Порой мы спускались к озеру, мы — тоже, Свёртстрём и я, чтобы посидеть на конских головах. Опираясь локтем на твердую ледяную гриву, Свёртстрём выбивал свою угасшую трубку о ладонь руки и пристально смотрел вперед на серебристую поверхность замерзшего озера. Он был из Виипури, Свёртстрем, из этого карельского города, расположенного на берегу Финского залива, который шведы называют Выборгом. Он женился на молоденькой русской из Ленинграда, француженке по происхождению, и в нем было что-то тонкое и деликатное, чего обычно не имеют люди севера, что-то французское, быть может, позаимствованное им от его жены, от его Бэби култа («кулга» по-фински значит: «золотая»). Он знает несколько французских слов, он говорит oul[131], говорит charmant[132], говорит auvre petit[133]. Он говорит также naturlement вместо naturellement[134]. Он говорит amour[135], он часто говорит amour. Он говорит также trěs beaucoup[136]. Он художник по плакату, Свёртстрём; он проводит много часов, рисуя красные и синие цветы своим красно-синим карандашом, или вырезая имя Бэби култа на белой коре березовых стволов, или пишет на снегу слово amour железным наконечником своей трости.

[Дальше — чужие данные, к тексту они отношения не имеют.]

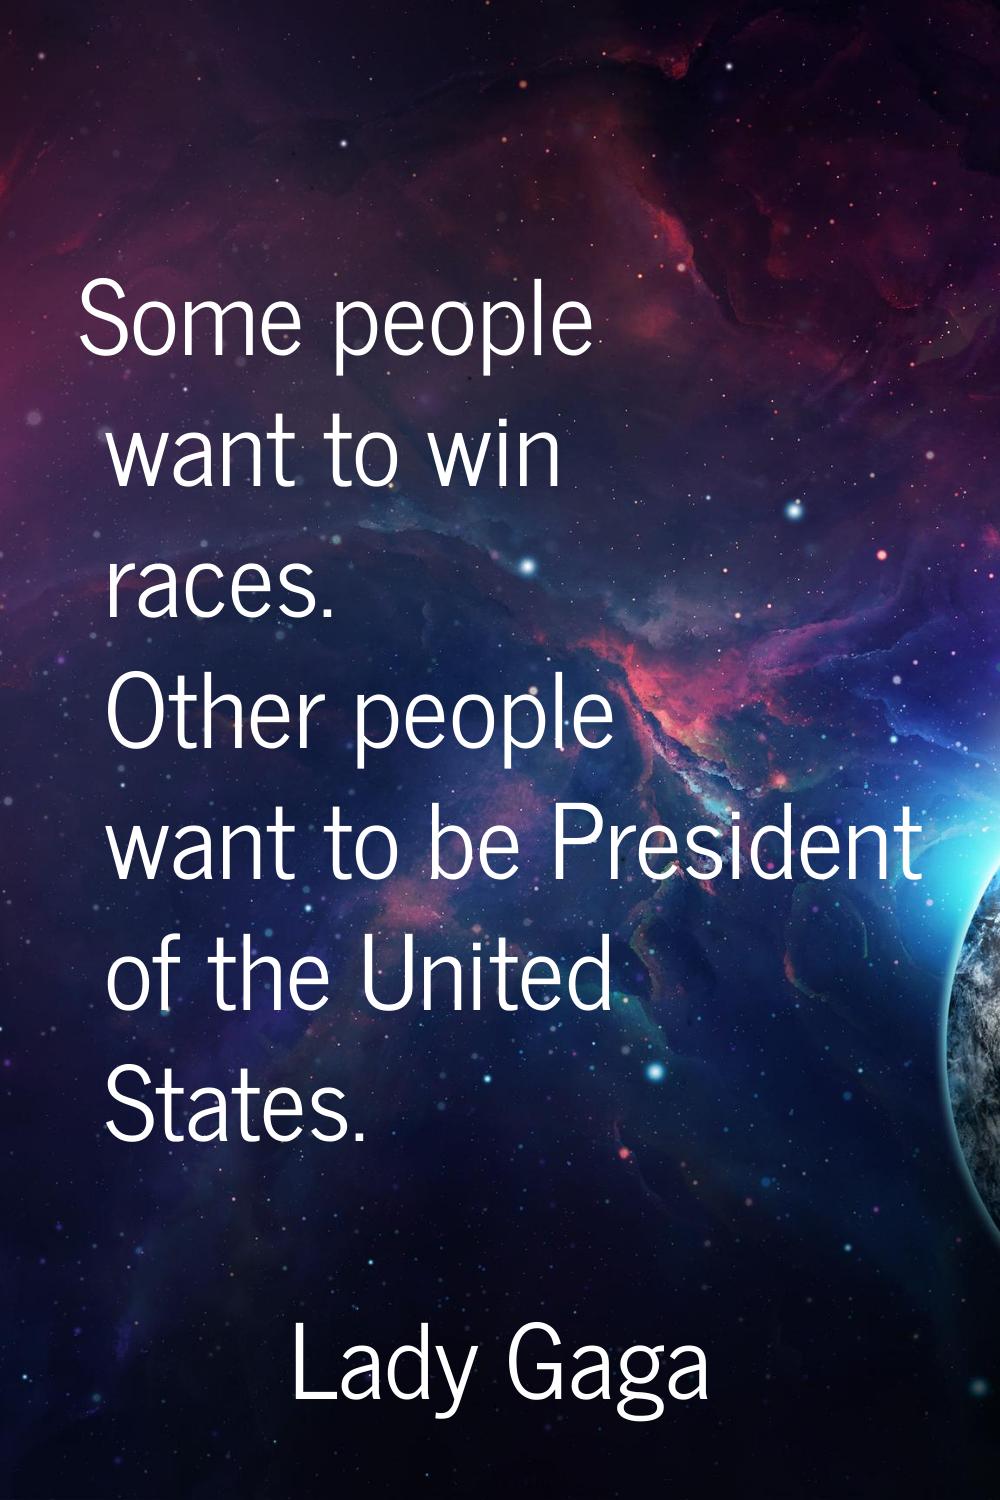 Some people want to win races. Other people want to be President of the United States.

У Свёртстрема никогда не было ни крошки табака. Уже больше месяца он выколачивал о ладонь свою угасшую трубку, и я говорил ему: «Не отрицай, Свёртстрём, я убежден, что ты выкурил бы даже кусок человеческого мяса». Он бледнел и отвечал:… «Если эта война будет продолжаться..».. Тогда я говорил: «Если эта война будет продолжаться, мы все превратимся в диких зверей, ты тоже, не правда ли?»
— «Конечно, и я тоже», — отвечал он. Я любил его; я полюбил его в тот день, когда увидел, как он побледнел (мы были в Каннасе, перед окраинами Ленинграда) из-за того куска человеческого мяса, который сиссит нашли в вещевом мешке русского парашютиста, скрывавшегося в течение двух месяцев в норе, посредине густого леса, рядом с трупом его товарища. Вечером в корсу Свёртстрема вырвало; после этого он рыдал, повторяя: его расстреляли, но разве он был виноват? Мы все станем дикими зверями и кончим тем, что будем поедать друг друга. Он не был пьян. Он почти никогда не пил. Его вырвало не потому, что он выпил; причиной был этот кусок человеческого мяса. Начиная с этого дня, я полюбил его. Но время от времени, когда я видел его выколачивающим свою трубку о ладонь, я говорил ему: «Не правда ли, ты был бы способен наполнить свою трубку куском человеческого мяса?»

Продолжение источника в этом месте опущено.